No. of squares within the rectangle = 1

Total figures = 8

i) Ratio of triangles to the circles = \(\frac{4}{3}\)

ii) Ratio of squares to all figures = \(\frac{1}{8}\)

iii) Ratio of circles to all figures = \(\frac{3}{8}\)

Question 4:

Kedhar and Rishab cover a distance of 10 km and 15 km respectively. What is the ratio of Kedhar’s speed to that of Rishab?

Solution:

Distance covered by kedhar in one hour = 10 km

Distance covered by Rishab in one hour = 15 km

Speed of Kedhar = 10 km/h

Speed of Rishab = 15km/h

Ratio of Kedhar’s speed to that of Rishab’s = \(\frac{10}{15}\)= \(\frac{2}{3}\)

Questsion 5:

Fill in the following boxes

\(\frac{18}{21}\) = \(\frac{ \sqcap }{7}\) = \(\frac{12}{ \sqcap }\) = \(\frac{ \sqcap }{35}\)

And tell if these ratios are equivalent.

Solution:

\(\frac{18}{21}\) = \(\frac{18\div 3}{21\div 3}\) = \(\frac{6}{7}\)

\(\frac{6}{7}\) = \(\frac{6\times 2}{7\times 2}\) = \(\frac{12}{14}\)

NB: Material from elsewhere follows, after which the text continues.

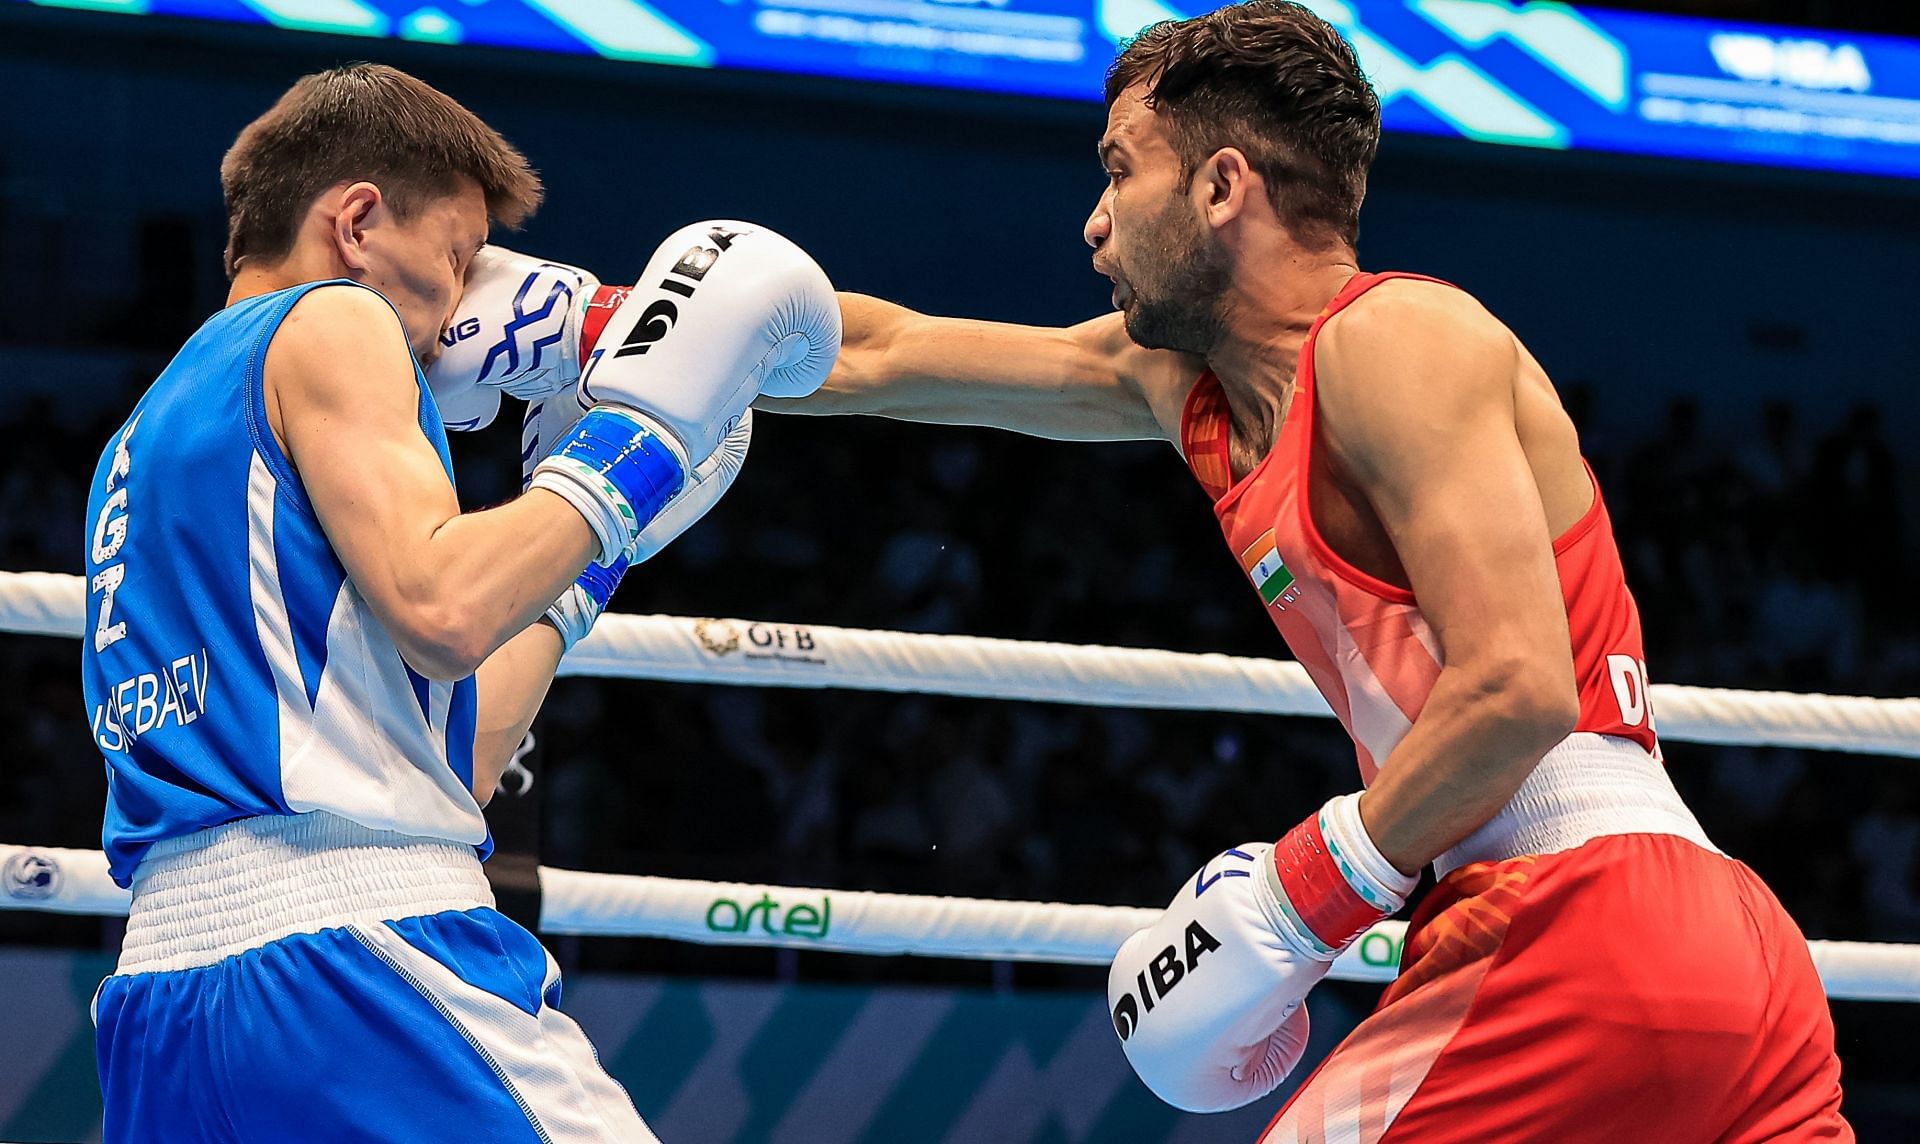 Deepak in action during his quarter-finals bout on Wednesday (Image Courtesy: BFI)

\(\frac{6}{7}\) = \(\frac{6\times 5}{7\times 5}\) = \(\frac{30}{35}\)

Thus, 6, 14, 30 are the numbers that are to be filled in three boxes respectively.

Yes, these ratios are equivalent.

Questsion 6:

Reduce the following ratios to their lowest terms;

(i) 81 to 108 (ii) 98 to 63

(iii) 33 to 121 (iv) 30 to 45

Solution:

(i) \(\frac{81}{108}=\frac{3\times 3\times 3\times 3}{2\times 2\times 3\times 3\times 3}=\frac{3}{4}\)

(ii) \(\frac{98}{63}=\frac{14\times 7}{9\times 7}=\frac{14}{9}\)

(iii) \(\frac{33}{121}=\frac{3\times 11}{11\times 11}=\frac{3}{11}\)

(iv) \(\frac{30}{45}=\frac{2\times 3\times 5}{3\times 3\times 5}=\frac{2}{3}\)

 

Questsion 7:

Fathima’s salary is Rs. 2,00,000 per annum and out of which she saves 75,000.

i) Calculate the ratio of Seema’s earnings to her savings

ii) Calculate the ratio of Seema’s savings to her expenditure

Solution:

Income = Rs 2,00,000

Savings = Rs 75,000

Expenditure = Rs 1,25,000

i) Ratio of Seema’s earnings to her savings = \(\frac{2,00,000}{75,000}\) = \(\frac{8}{3}\)

ii) ratio of Seema’s savings to her expenditure =\(\frac{75,000}{1,25,000}\) = \(\frac{3}{5}\)

Questsion 8:

3852 pupil studies in a school which has 154 teachers. Calculate the ratio of teachers to the students?

Solution:

Ratio of teachers to students = \(\frac{154}{3850}\) = \(\frac{2\times 11\times 7}{2\times 11\times 175 }\) = \(\frac{7}{175}\)

Questsion 9:

There are 5852 students in a school, out of which 3800 are girls. Calculate the ratio of

i) Girls to total students in school

ii) Boys to girls in school

iii) Boys to total students in school

Solution:

Number of students in school = 5852

Girls in school = 3800

Boys in school = 5852 – 3800 = 2052

i) Required ratio = \(\frac{3800}{5852}\) = \(\frac{1900}{2926}\) = \(\frac{100}{154}\) = \(\frac{50}{77}\)

ii) Required ratio = \(\frac{2052}{3800}\) = \(\frac{1026}{1900}\) = \(\frac{513}{950}\) = \(\frac{27}{50}\)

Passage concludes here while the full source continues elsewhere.